# Your goal
Give the data below again exactly as written, but without the pictures.

# Information supplied
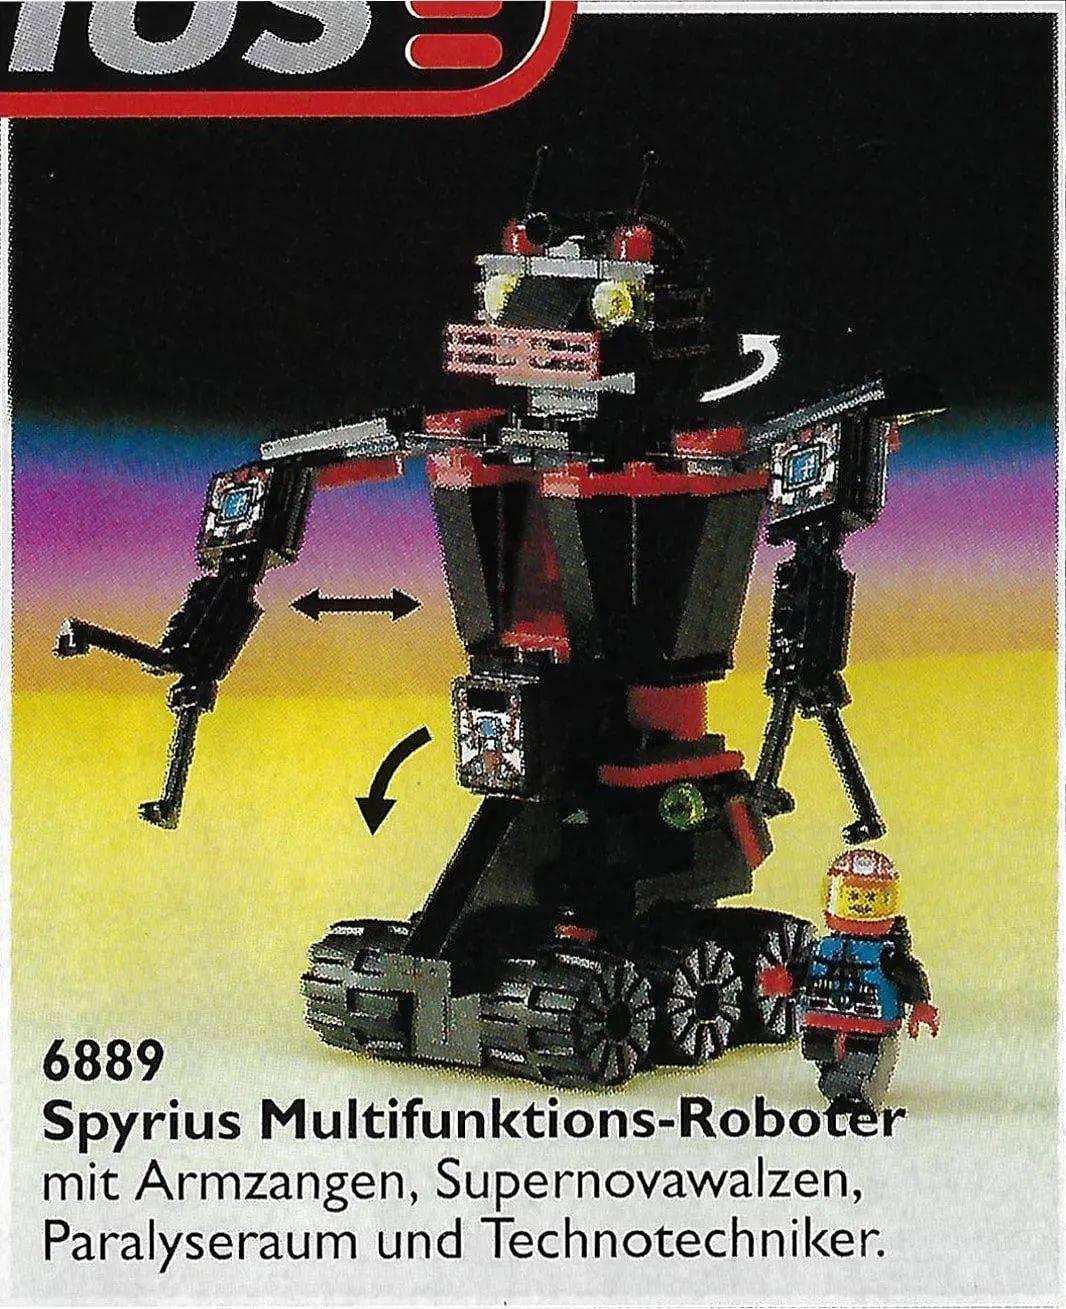 长文详尽剖析：乐高第一个电子游戏及首个虚拟拼搭程序—1995年《LEGO Fun To Build》 -1
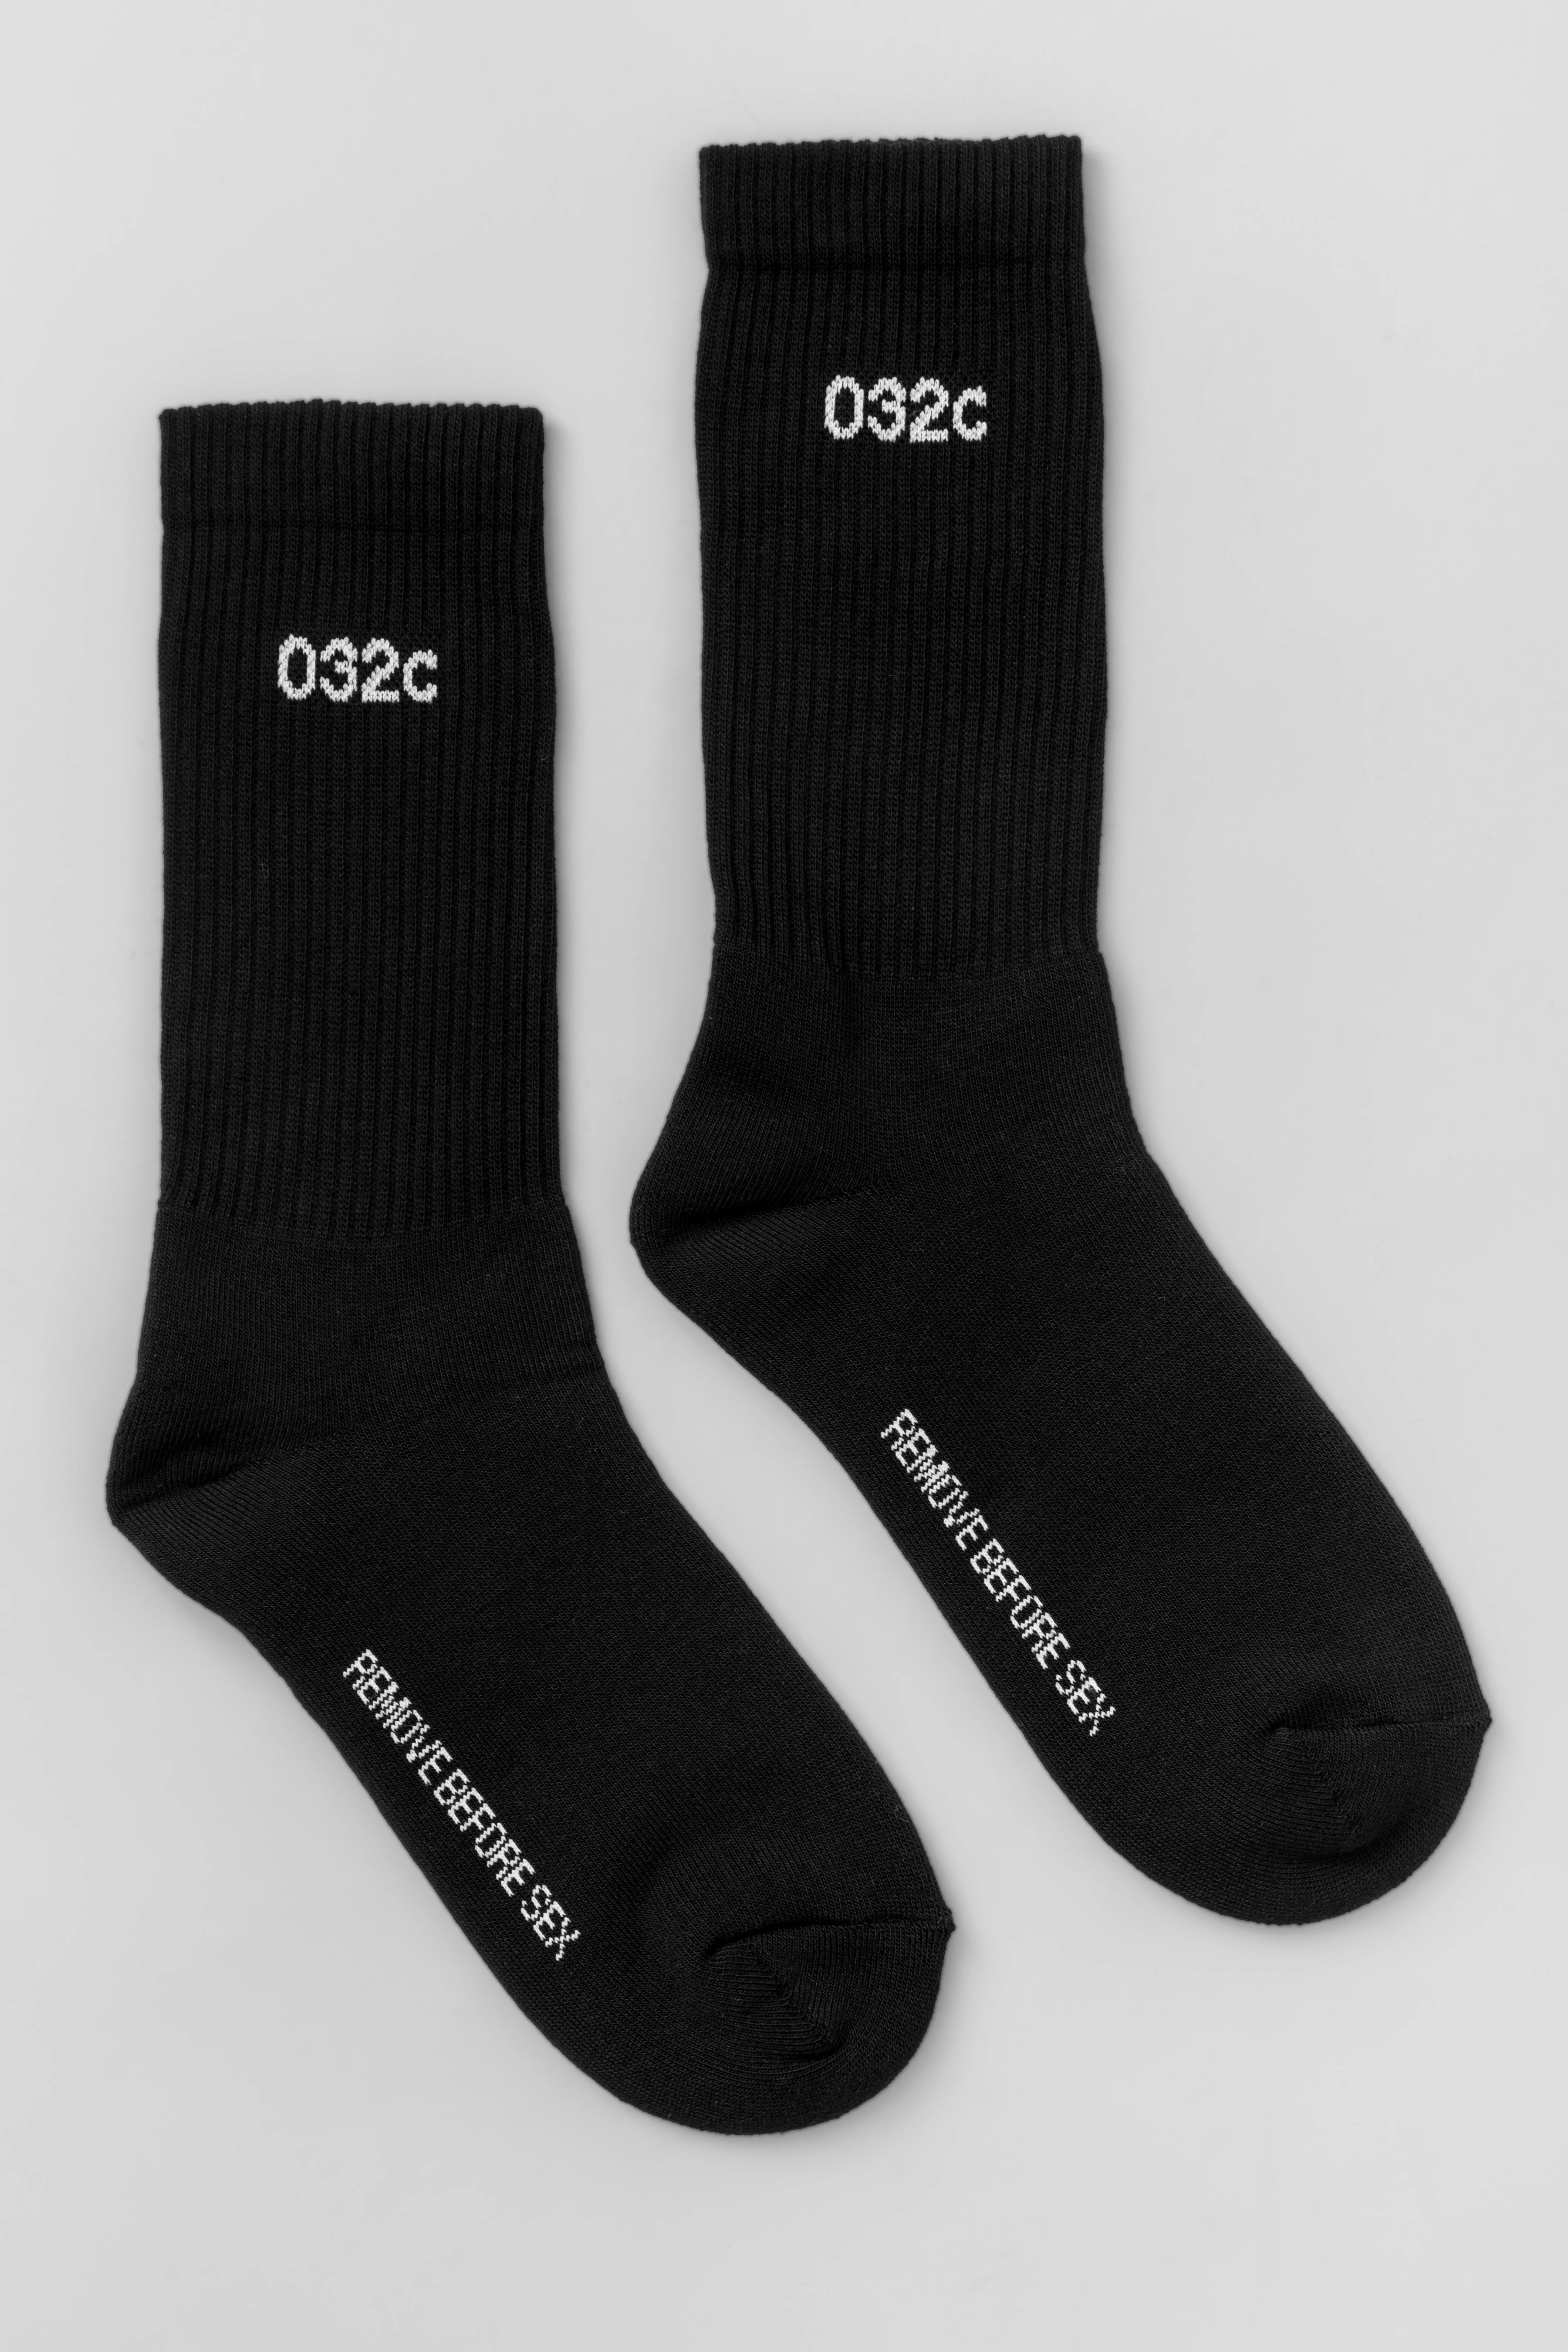 REMOVE BEFORE SEX Socks Black/White - 032c2306acc-184_df5fcb31-8615-4ecd-b4d9-8b09ffb7ff48
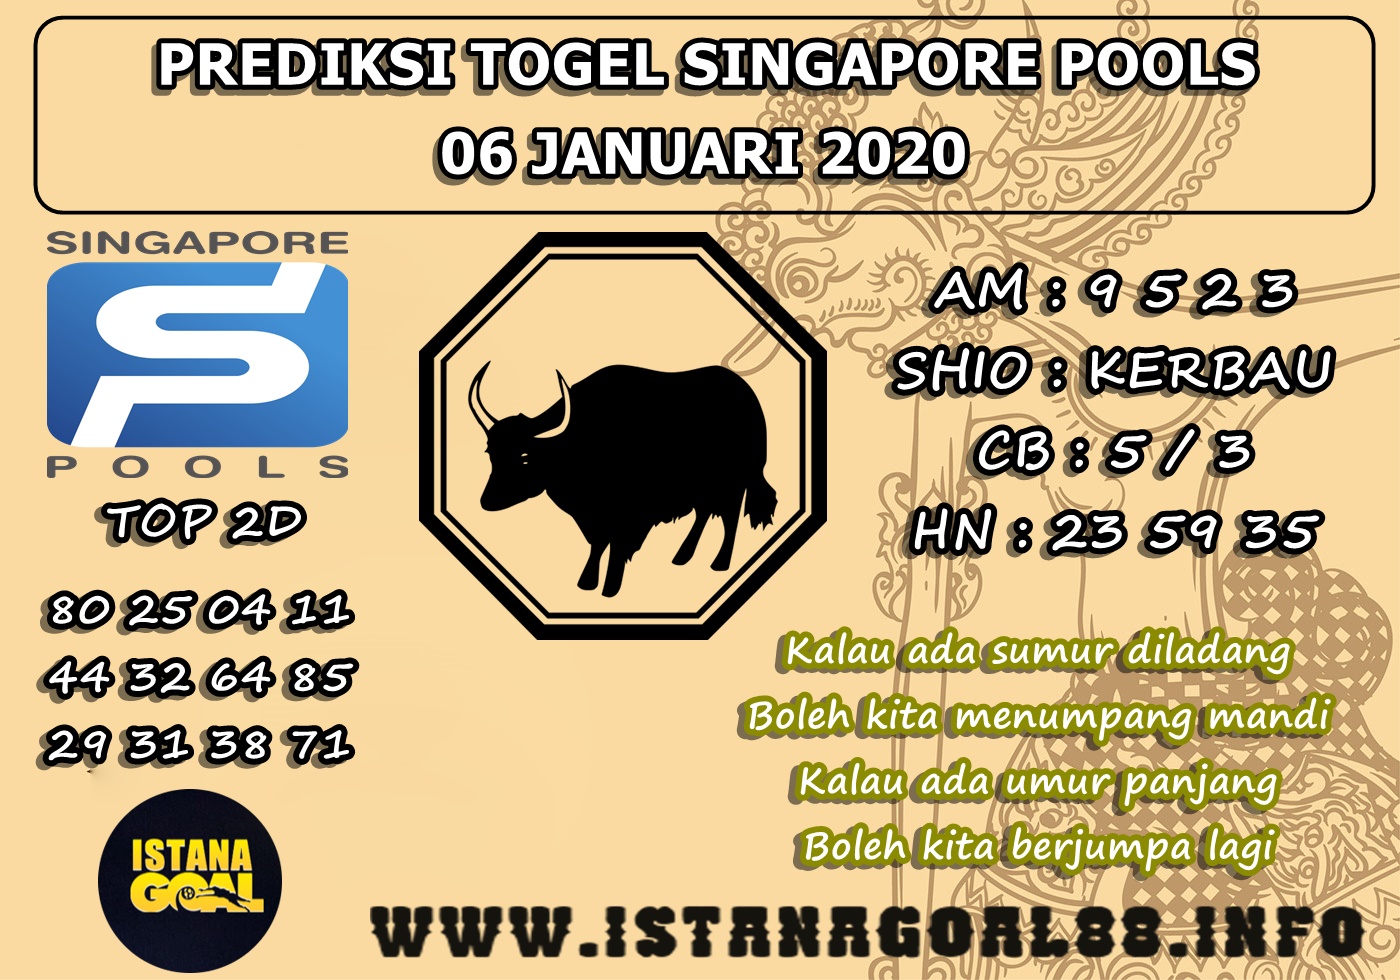 PREDIKSI TOGEL SINGAPORE POOLS 06 JANUARI 2020

# Task answer
 长文详尽剖析：乐高第一个电子游戏及首个虚拟拼搭程序—1995年《LEGO Fun To Build》 -1
 REMOVE BEFORE SEX Socks Black/White - 032c2306acc-184_df5fcb31-8615-4ecd-b4d9-8b09ffb7ff48
 PREDIKSI TOGEL SINGAPORE POOLS 06 JANUARI 2020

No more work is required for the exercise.